━━━ Collected data

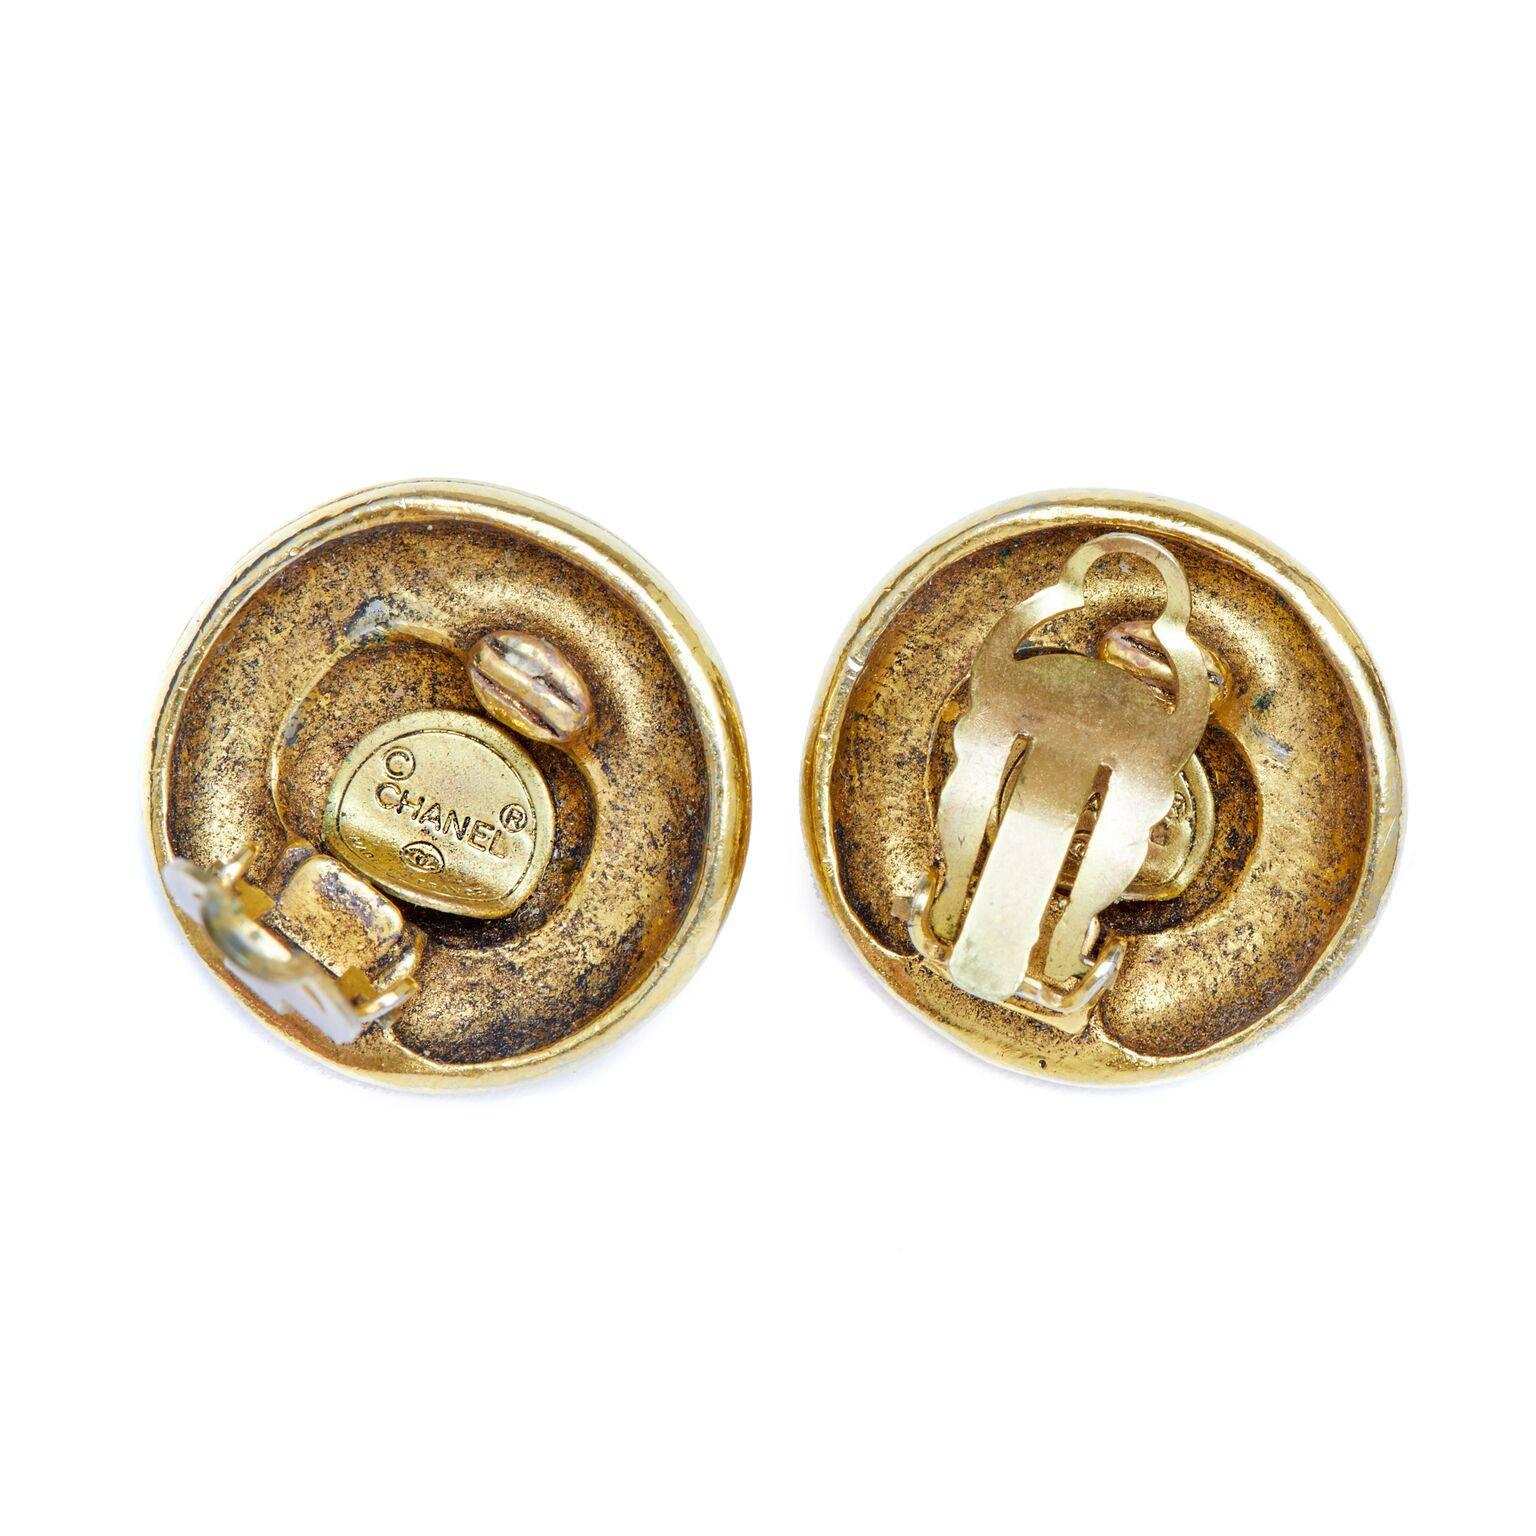 Diese klassischen Chanel-Ohrringe aus Gold der 1970er oder frühen 1980er Jahre sind von hervorragender Qualität und in hervorragendem Zustand. Ein übergroßer, runder Strassstein in der Mitte jedes Stücks ist von einem Seilmotiv aus vergoldetem
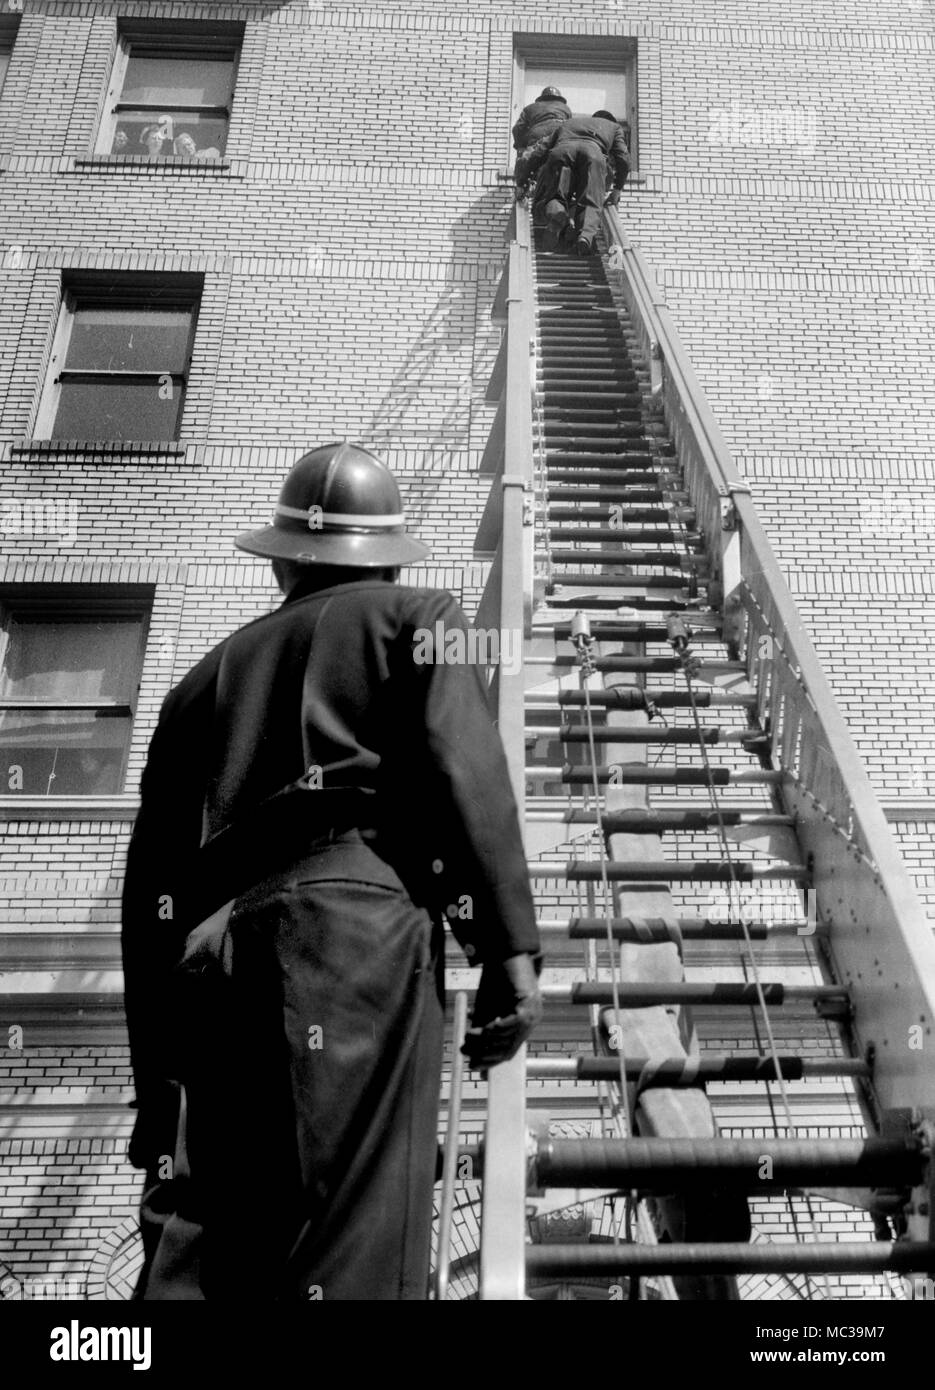 La pratique des pompiers sur une échelle d'incendie dans un hôpital de Californie, ca. 1965. Banque D'Images
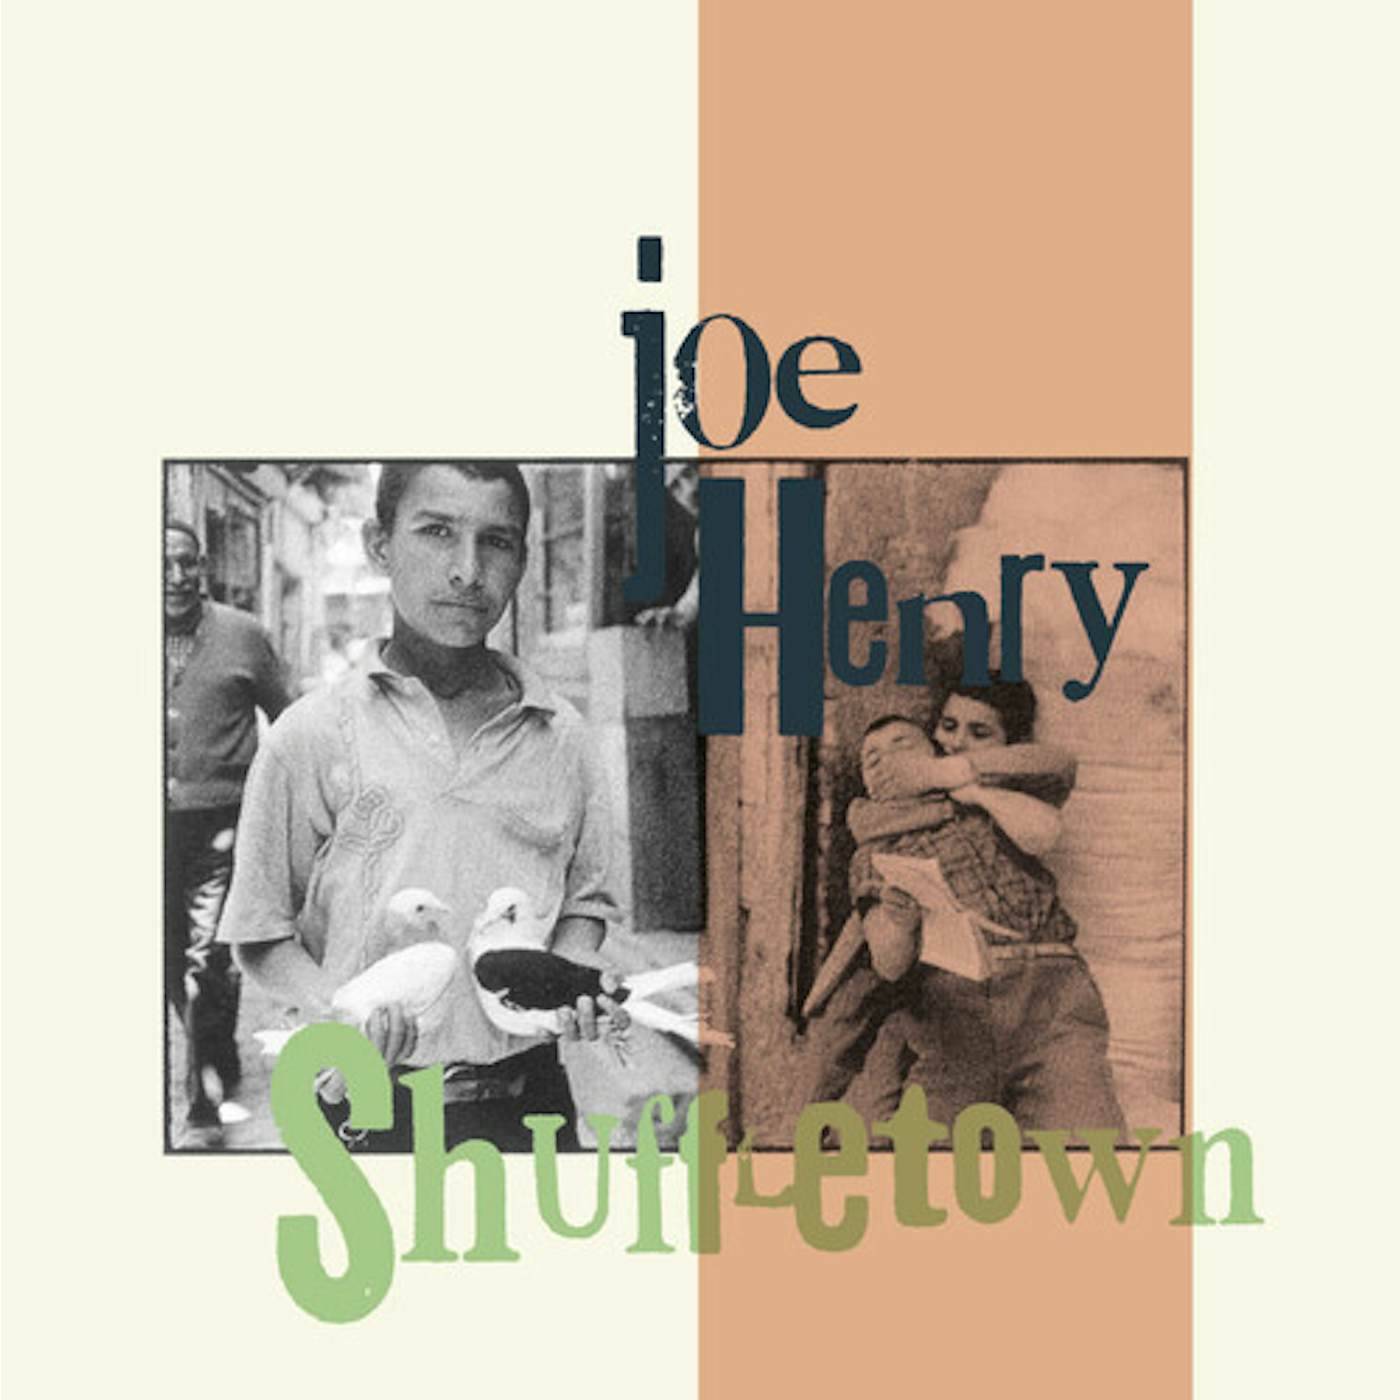 Joe Henry SHUFFLETOWN CD
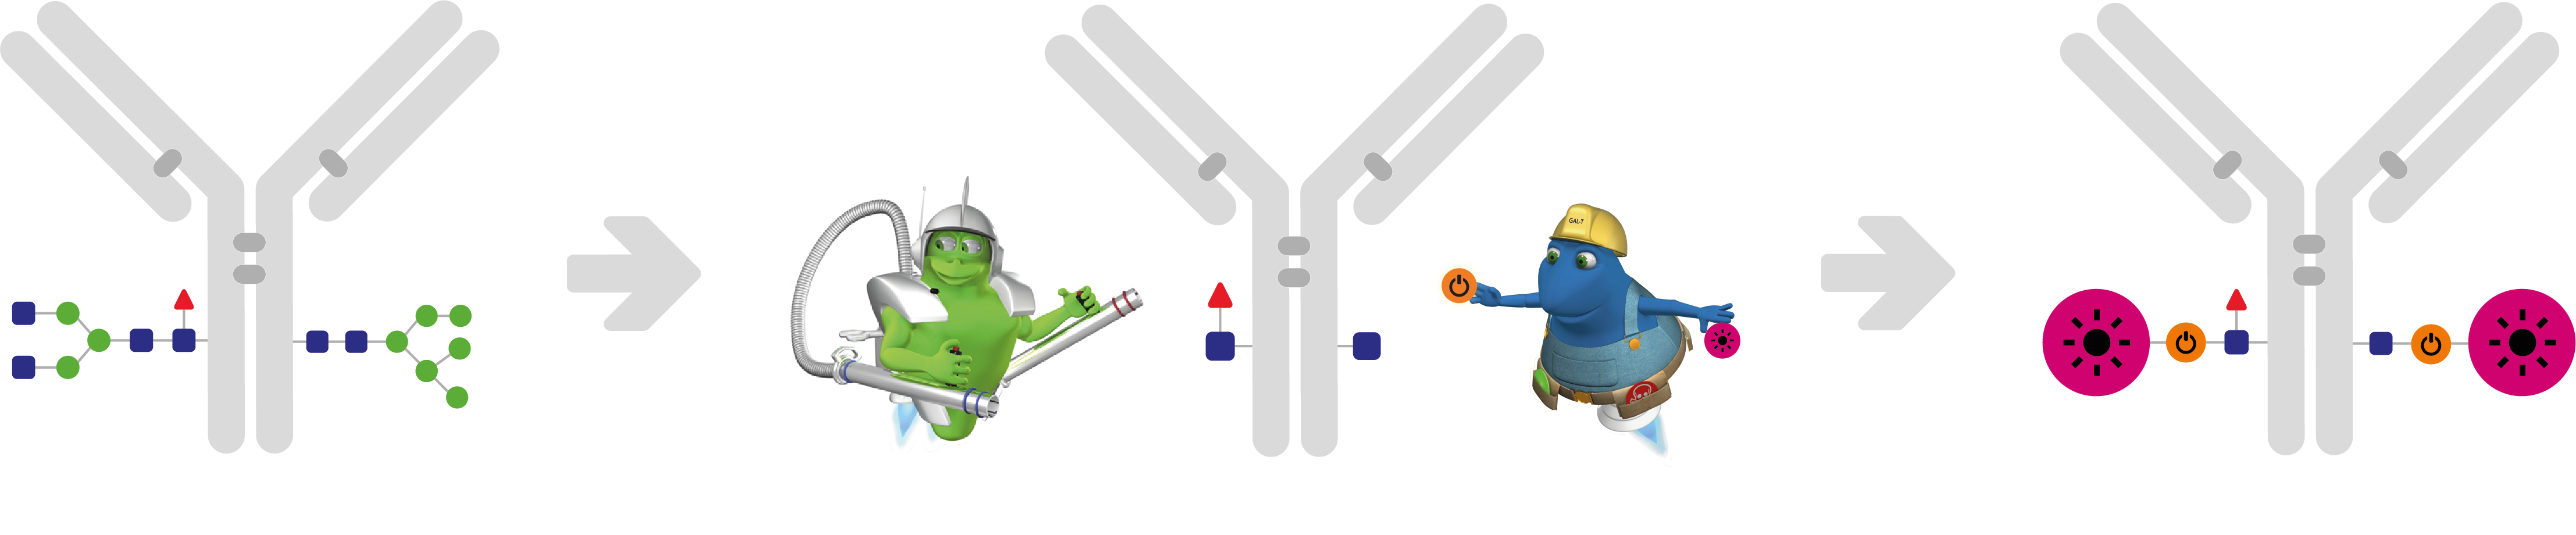 GlyCLICK workflow - Flow Cytometry

━━━━━━

▸ Prompt
Write out exactly the lines from the line that contains "La pratique des" to the last line of the material above, both included; pictures do not belong in the copy.

▸ Solution
 La pratique des pompiers sur une échelle d'incendie dans un hôpital de Californie, ca. 1965. Banque D'Images
 Joe Henry SHUFFLETOWN CD
 GlyCLICK workflow - Flow Cytometry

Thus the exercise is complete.